We need to find the maximum length string, so “abc” is the required string.
Input Format :
The first line contains an integer 'T' which denotes the number of test cases to be run. Then the test cases follow.
The second line of each test case contains an integer ‘N’ denoting the size of array ‘A’.
The third line of each test case contains ‘N’ space-separated strings denoting the elements of array ‘A’.
Output format :
For each test case, print the longest string in ‘A’, such that every prefix of this string is also present in the array ‘A’. If there are multiple strings with the same length, return the lexicographically smallest one and if no string exists, return "None" as answer.
Print the output of each test case in a new line.
Note :
You don’t need to print anything. It has already been taken care of. Just implement the given function.
Constraints :
1 <= T <= 10
1 <= N <= 10^5
1 <= A[i].length <= 10^5
A[i] only consists of lowercase english letters.
Sum of A[i].length <= 10^5 over all test cases
Time Limit : 1 sec
Approaches
Approach :
- We first find all the prefixes of each string in array ‘A’.
- For each string ‘S’, we check if all the prefixes are part of the array ‘A’.
- To check this, we mark the strings of array ‘A’ in a map.
- If there are no such strings, we return “”.
- We select the largest length string that has all prefixes in ‘A’.
- We sort all the strings that satisfy the above criteria and return the lexicographically smallest one.
Algorithm :
- Initialise a variable ‘ans’ as “”.
- Initialise a hashmap ‘m’ with key type string and value type integer.
- Traverse over all the strings ‘s’ of array ‘A’ and mark ‘m[s] = 1’.
- Traverse over all the strings ‘s’ of array ‘A’ again :
- Initialise a variable ‘flag’ as ‘1’.
- If the size of current string is ‘sz’, run a loop from ‘i=0’ to ‘i=sz-1’ :
- Find the prefix ‘p’ of ‘s’ from index ‘j=0’ to ‘j=i’ and check if it is marked in the map ‘m’.
- If not, mark ‘flag’ as 0.
- If the ‘flag’ = 1 :
- Check if current string ‘s’ is greater in size than ‘ans’ :
- If yes, update ‘ans’ to ‘s’.
- Else, if current string ‘s’ is same in length to ‘ans’ :
- Update ‘ans’ to the minimum of ‘ans’ and ‘s’.
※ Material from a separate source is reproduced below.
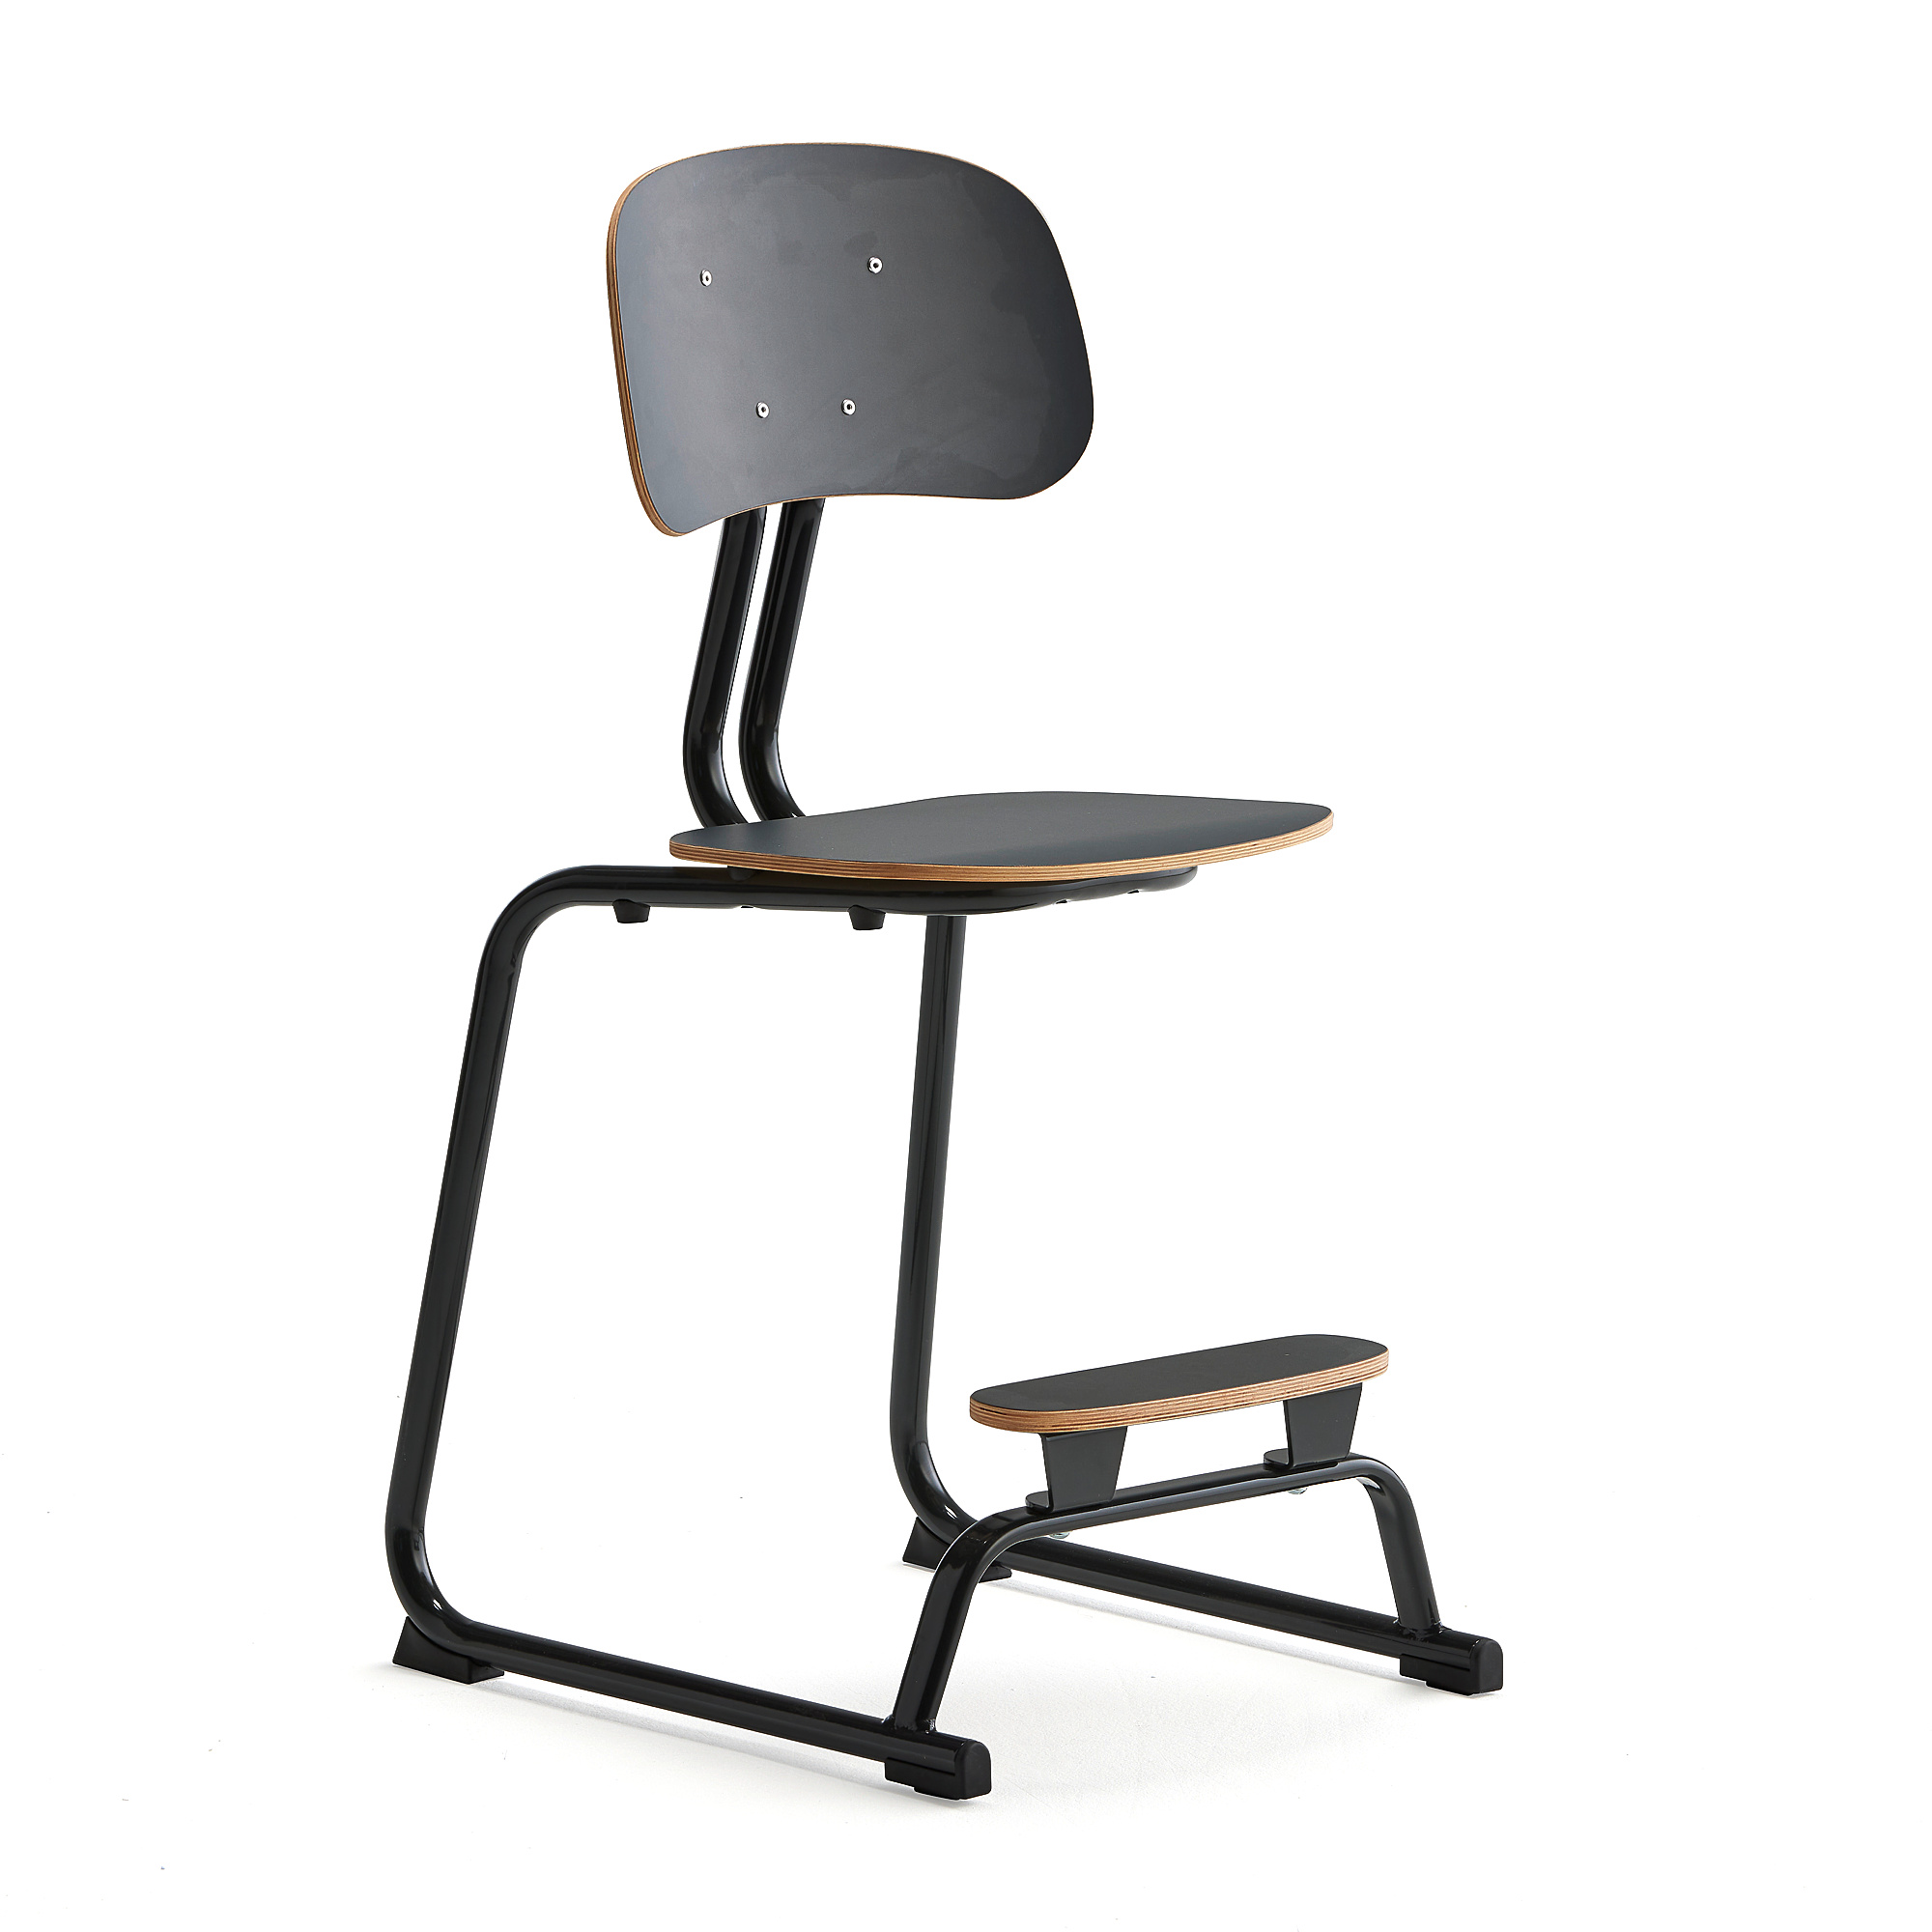 Školní židle YNGVE, ližinová podnož, výška 520 mm, antracitově šedá

- If ‘ans’ is empty, then update “ans” to “None”.
- Return ‘ans’ as the final result.
Approach :
- We will use Trie to solve this problem.
- Trie will have two properties :
- Next pointer to link the next character of the string.
- Ending flag to denote if this is the last character of some string.
- We will store each string in the trie.
- Now we traverse the trie in dfs manner.
- If while traversing , each level till now has the ending flag set on, then that means till this string, all prefixes of the string are present in the array ‘A’.
- So, we check the maximum length strings that satisfy the above condition.
- Example :
- Let N = 4 and A[] = [“j”, “ji” , “jin” , jxn” ].
- The trie structure will look like this :
- We can notice that the ending at character ‘x’ is 0, as the word “jx” is not present in array ‘A’.
- So, we traverse from ‘j’ to ‘ji’ to ‘jin’ and since the ending is 1, all are valid strings.
- Since we want the longest among these, we select “jin”.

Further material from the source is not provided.